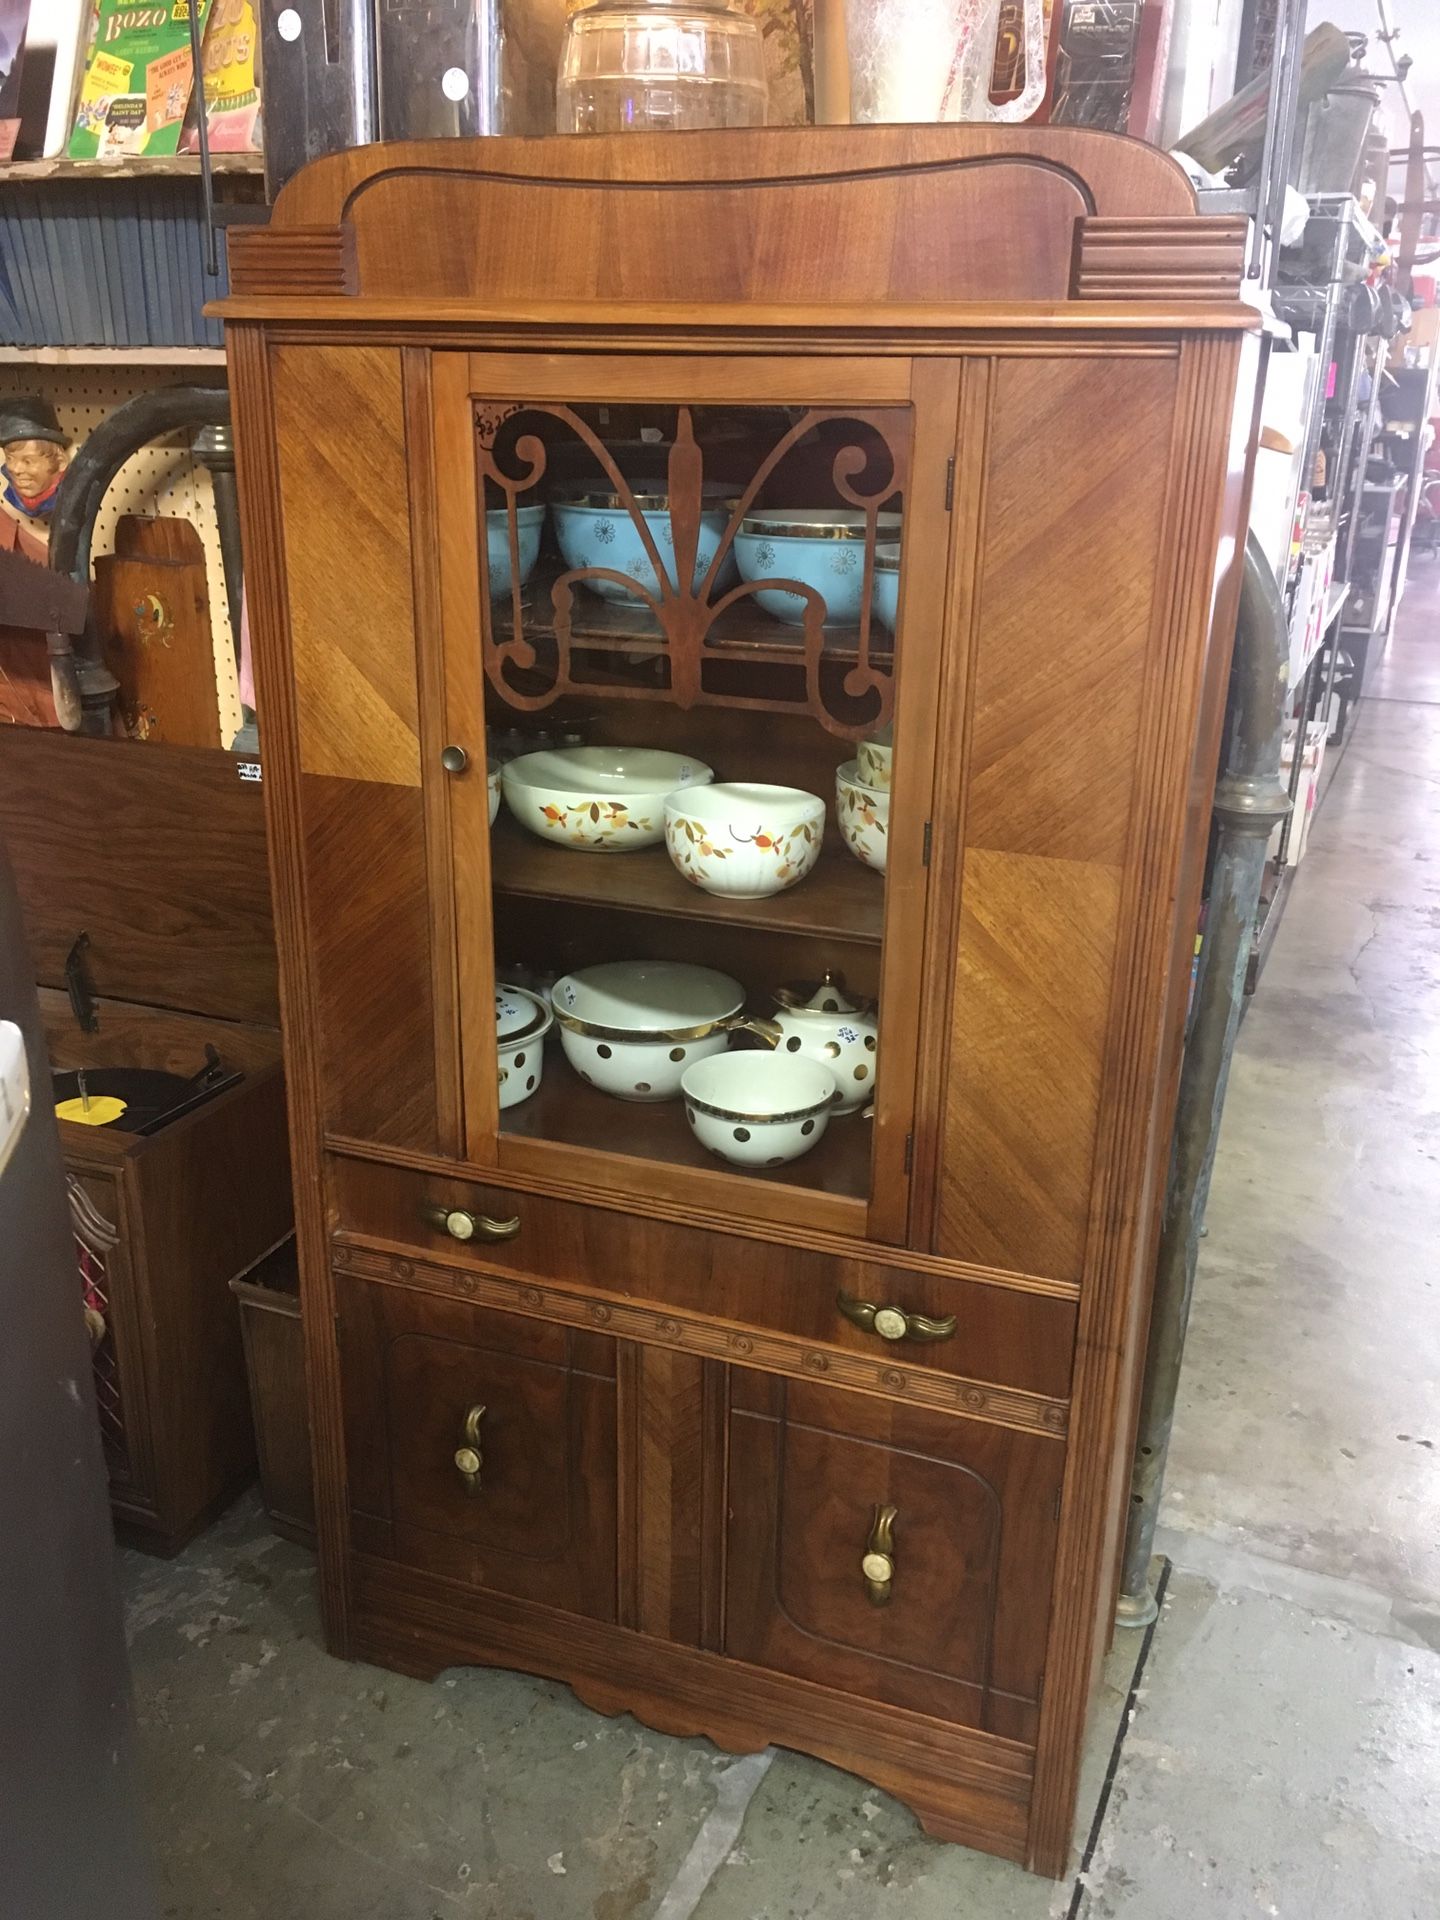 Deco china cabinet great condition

=====

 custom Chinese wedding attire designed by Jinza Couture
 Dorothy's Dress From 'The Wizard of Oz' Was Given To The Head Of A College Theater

=====

Keeping every character as it is, restate the lines above that run from the line with "custom Chinese wedding" through the line with "Dorothy's Dress From", both included, and nothing else.

### Exercise output
 custom Chinese wedding attire designed by Jinza Couture
 Dorothy's Dress From 'The Wizard of Oz' Was Given To The Head Of A College Theater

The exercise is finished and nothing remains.